It’s toward the end of the workday and you’re dragging — torn between wanting a caffeinated jolt of coffee or moving right into a relaxing glass of wine.
Now you can have both — in the same glass. A company called Friends Fun Wine has introduced a new product to the growing flavored wine market, combining “the world’s most popular day drink with the world’s most popular night drink,” according to the company’s news release.
Adding flavors to wine has been around for centuries, since the first vintner invented vermouth, an aromatized fortified wine flavored with various botanicals.
The history of wine culture includes widespread accounts of regional recipes combining herbs, spices, plants, juice, and spirits with a wine base. And who can forget the wine cooler explosion of the 1970s and ’80s?
But today’s modern mixologists and brand builders have really pushed the envelope. You can currently find wine bases flavored with coffee, chocolate, hazelnuts, even ice cream. And a company called Birthday Cake Vineyards has even bottled flavors of your favorite cake into the bottle.
This trend is not just happening in America. Last year, French Bordeaux-based Haussmann Famille introduced cola and passion fruit wines. The bold move, targeted largely to younger adults transitioning from soda to wine hybrids, appears to have been a huge success. Sweet inexpensive bottlings, such as those from Haussmann Famille, account for a large segment of the market among young French wine drinkers.
If it seems outrageous, even sacrilegious, to traditionalists who rant at the idea of these hybrid wine drinks, it’s an opportunity for a new generation of experimental marketers and consumers. Besides, the trend does not seem to be hurting the conventional wine market, which grew in the U.S. for the 20th year in a row in 2013 (Americans purchased a record 3.38 billion liters of wine last year, almost double the volume bought in 1993).
The largest segment of the flavored wine segment is reserved for fruit blends, but sweet additions such as chocolate are experiencing a rapid rise in sales, notably with ChocoVine, the original chocolate brand that now pushes espresso and raspberry spinoffs.
Birthday Cake Vineyards became extensive research and development project, spearheaded by two entrepreneurs and friends, Raphael Yakoby (creator of Hpnotiq and Nuvo) and David Kanbar (formerly executive at Skyy Vodka and co-creator of Skinnygirl). They shared the vision of creating a blend of confectionary flavors with fine wines, inspired by the tasting notes that one often hears or reads wine experts use to describe great wines, such as hints of cinnamon, chocolate, and cherry.
They liked the idea of combining the decadent nature of Birthday Cake with the enjoyment of wine. So, the flavors were developed around a Birthday Cake theme (Coffee Cake, Cheesecake, Cake Batter, Black Forest Cake, and Strawberry Shortcake), without “cloying, rich or overly sweet flavors,” according to the company website.

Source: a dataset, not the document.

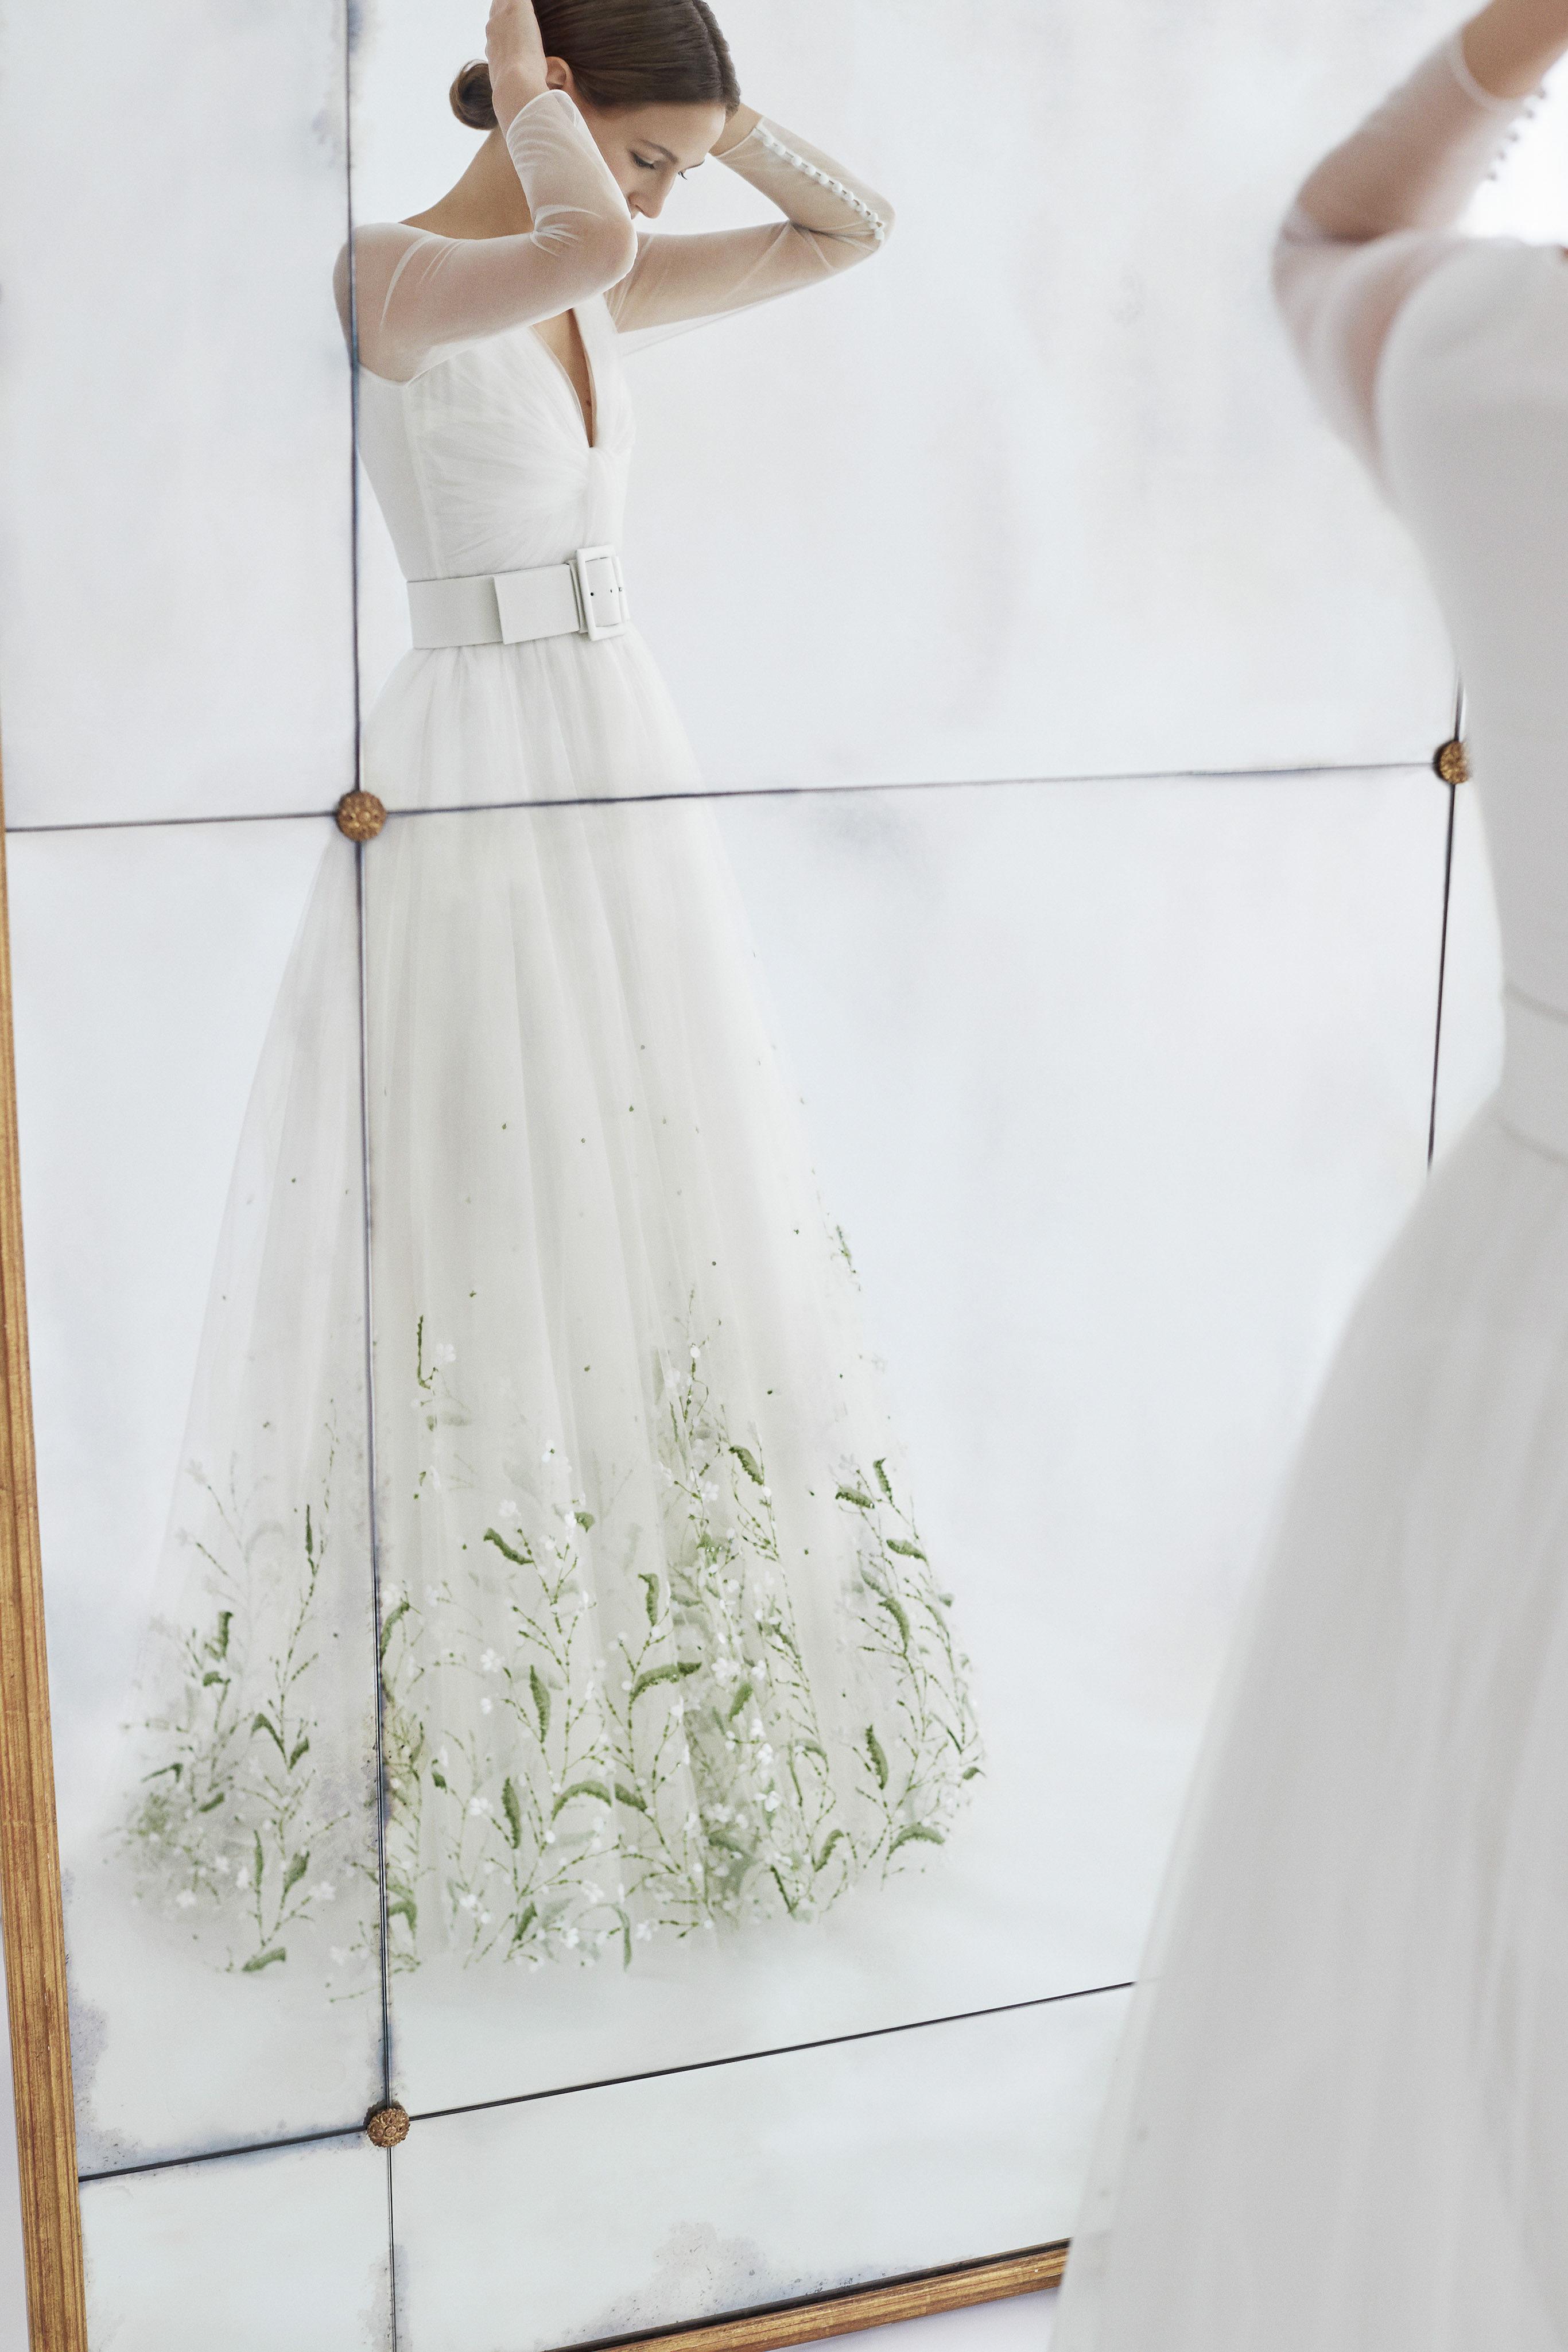 carolina herrera wedding dress fall 2018 tulle greenery embellished
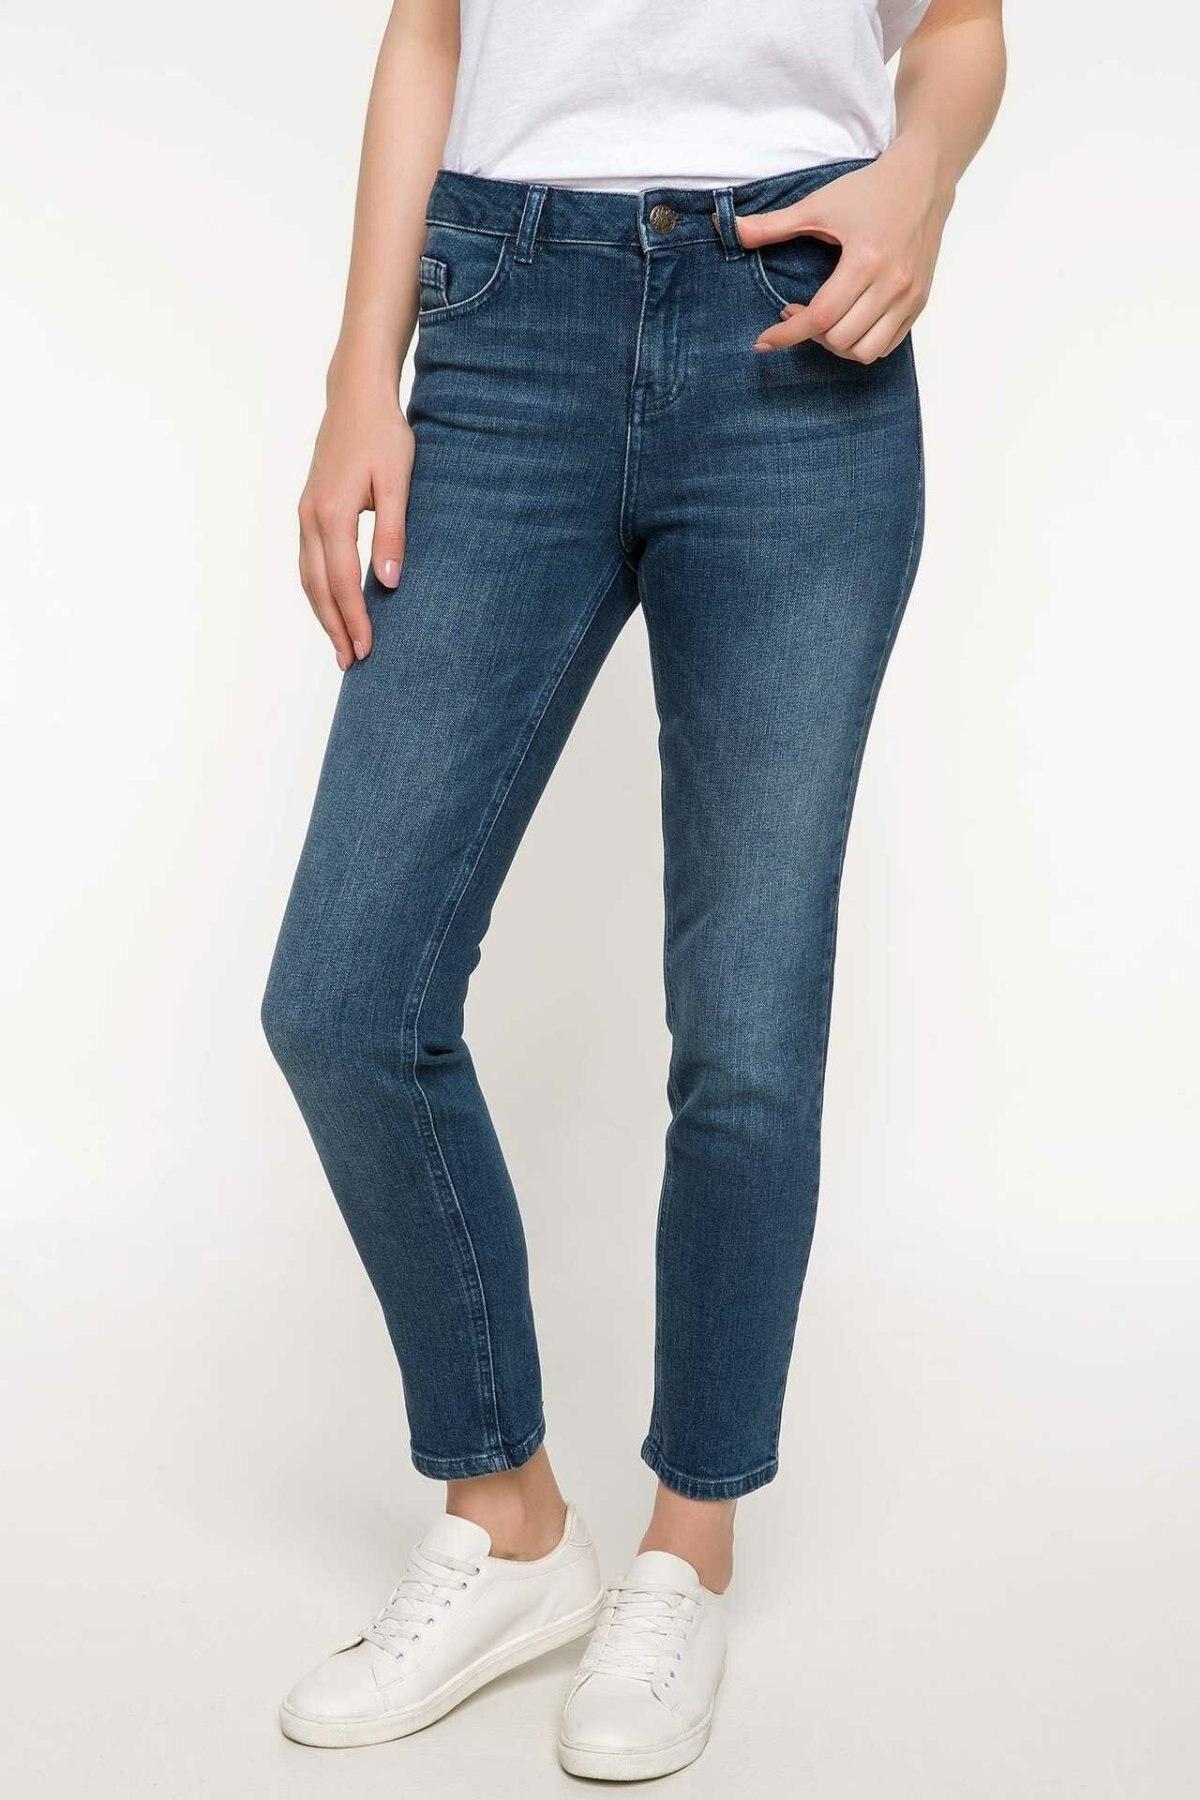 DeFacto Blue Women Skinny Jeans Denim Simple Mid-waist Denim Stretch Fashion Nine Minutes Pencil Trousers-J2688AZ18SM

Then there’s the wine slushie. The company Tropical Wine Mixes sells bags of different tropical flavors that consumers add to a mix of equal parts water and inexpensive red or white wine. Just put everything in a gallon-sized, sealed plastic bag, freeze for 4 hours and, presto, wine slushies at the ready.
The new product message: Any combination is fair game. Bacon, barbecue and taco flavors in wine. Why not? The potato chip industry has gone full out to market the bold category of chips (Lay’s just introduced Chicken and Waffle flavored chips). Wine with bacon? Wine with olives? Wine with brie cheese? All in the same bottle?
It could happen sooner than you may think.